A century and a half ago, Jules Verne achieved great success with his novel Twenty Thousand Leagues Under the Sea. The story features the mysterious Captain Nemo, an avenger in command of his own submarine. In letters to his publisher, the French writer described Captain Nemo as “a Polish aristocrat whose friends are dying in Siberia and whose nation is disappearing from Europe under the tyranny of Russia”. In the end, he had to modify his concept for commercial reasons, as a book containing this plotline would have been boycotted by Russian readers. But what would Verne’s novel have looked like had he stuck to his original idea?

Part I: The secret of the armour-plated narwhal

November 1867. French marine biologist Professor Pierre Aronnax and Canadian harpooner Ned Land are tracking a monster in the Pacific Ocean – the giant narwhal, which has been attacking local ships, makes the white sperm whale from Moby Dick look like small fry. They are suitably prepared with harpoon cannons, as well as a gun that fires 10-pound missiles over distances of several miles.

However, this gets them nowhere against the monster, which turns out to be not a living creature, but an armoured submarine! Aronnax and Land’s ship sinks to the bottom of the sea, and they, like Jonah, end up in the belly of the sea monster. There they are greeted by a well-groomed, bearded, middle-aged man who looks more like an aristocrat than a sea dog. He invites them on a coerced but comfortable journey, having introduced himself as Captain Nemo. Nemo: ‘nobody’.

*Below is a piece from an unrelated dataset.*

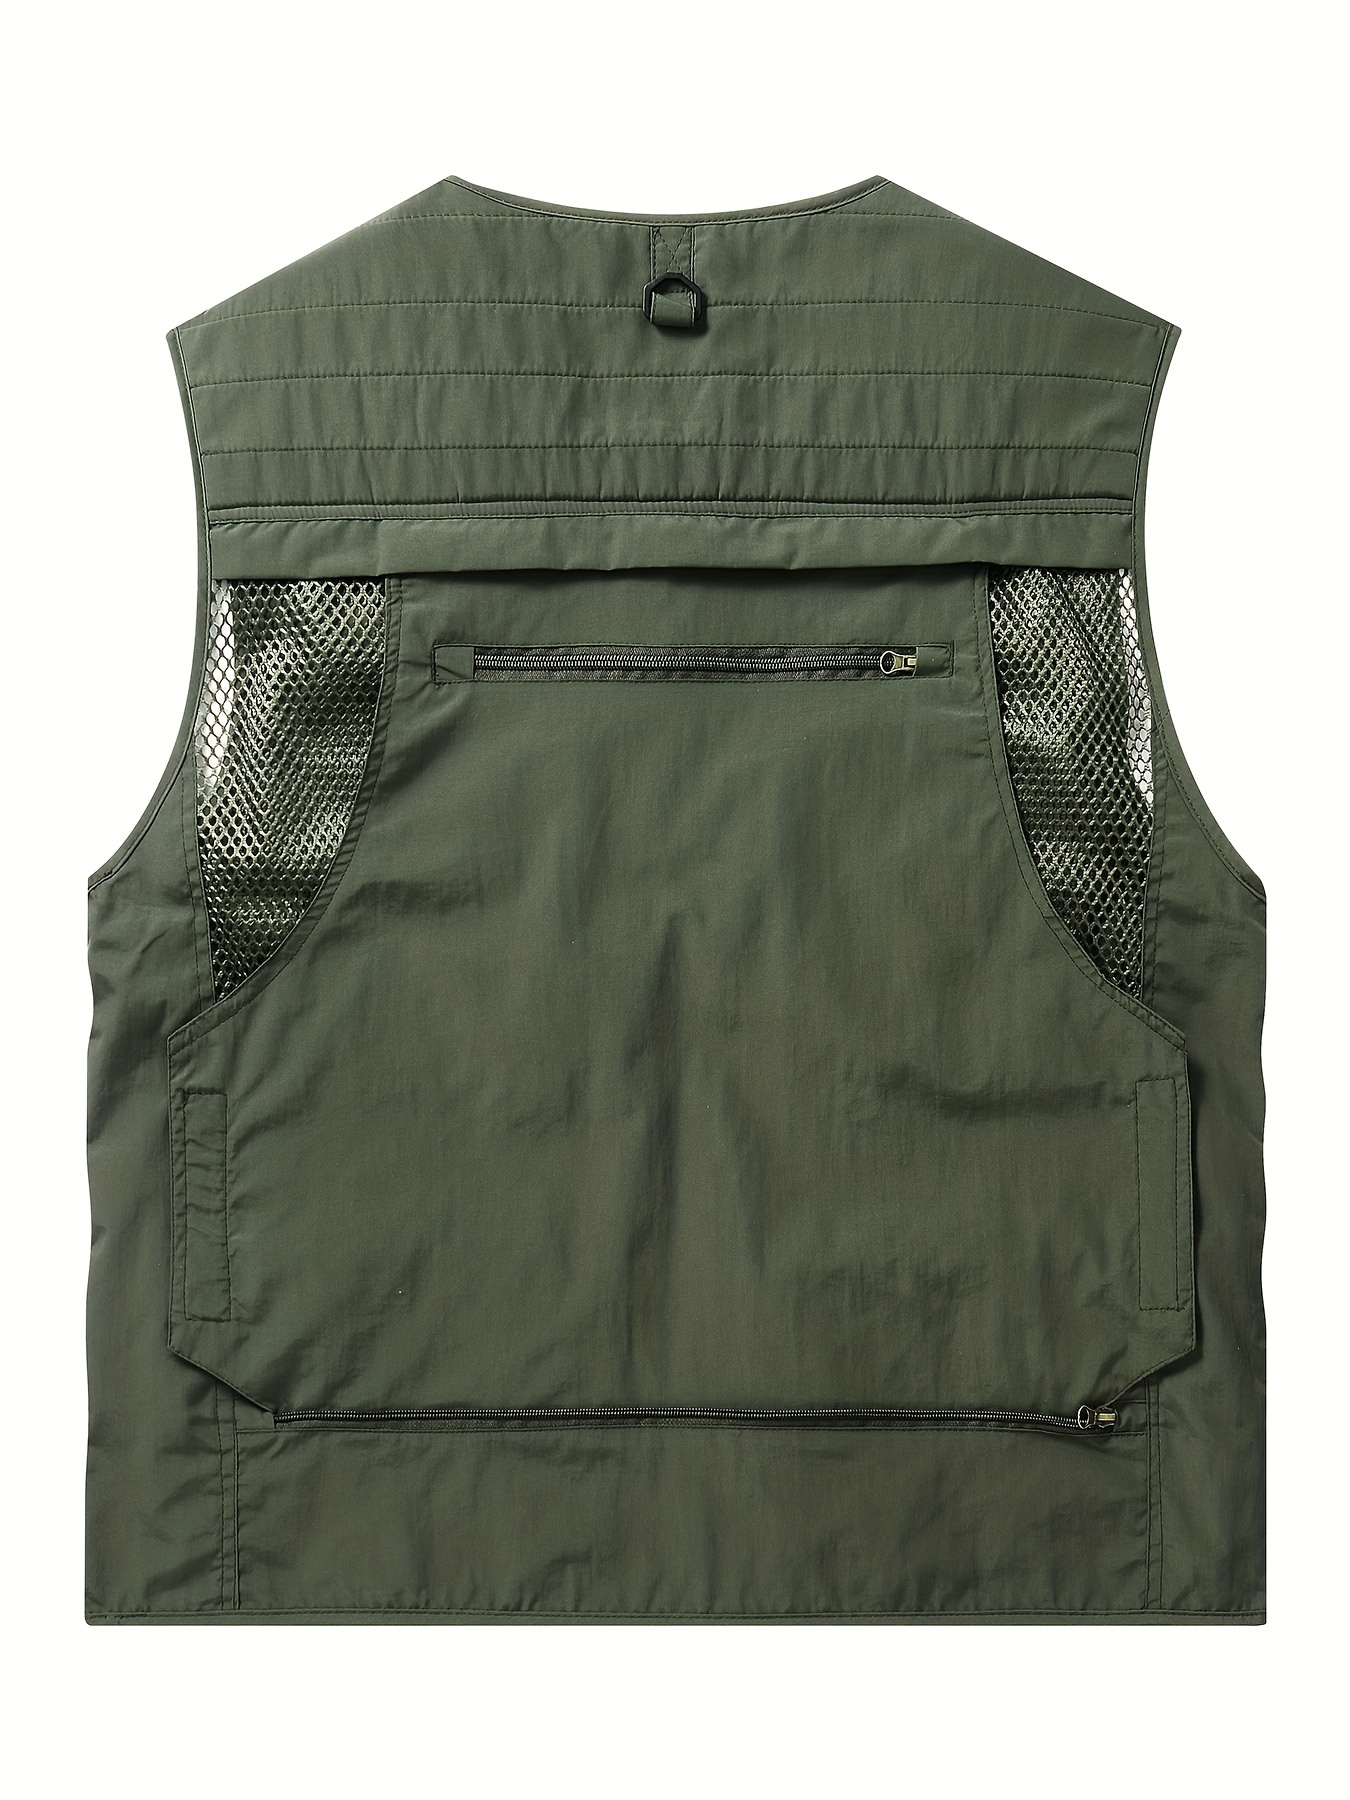 Generic Fishing Vest Multiple Pockets Breathable Grid Mesh

Who is he? Why did he sink their ship, and others before it? The captain doesn’t want to talk about it. A visit to his salon, however, raises suspicions. His collection of etchings presents a series of heroes who fought against tyranny: the Greek Botsaris, the Polish Kościuszko, the Irish O’Connell, the Italian Manin, not to mention the Americans Washington, Lincoln and Brown. The presence of these Americans in particular, two of whom fought for the liberation of slaves, leads Aronnax to believe that he is dealing with a Yankee.

“Maybe he fought in the recent Civil War?” he says to his companion-in-misery Land, whose reticence makes him an excellent listener.

“Then why is he still fighting? The war’s over,” responds Land, dampening the French professor’s enthusiasm.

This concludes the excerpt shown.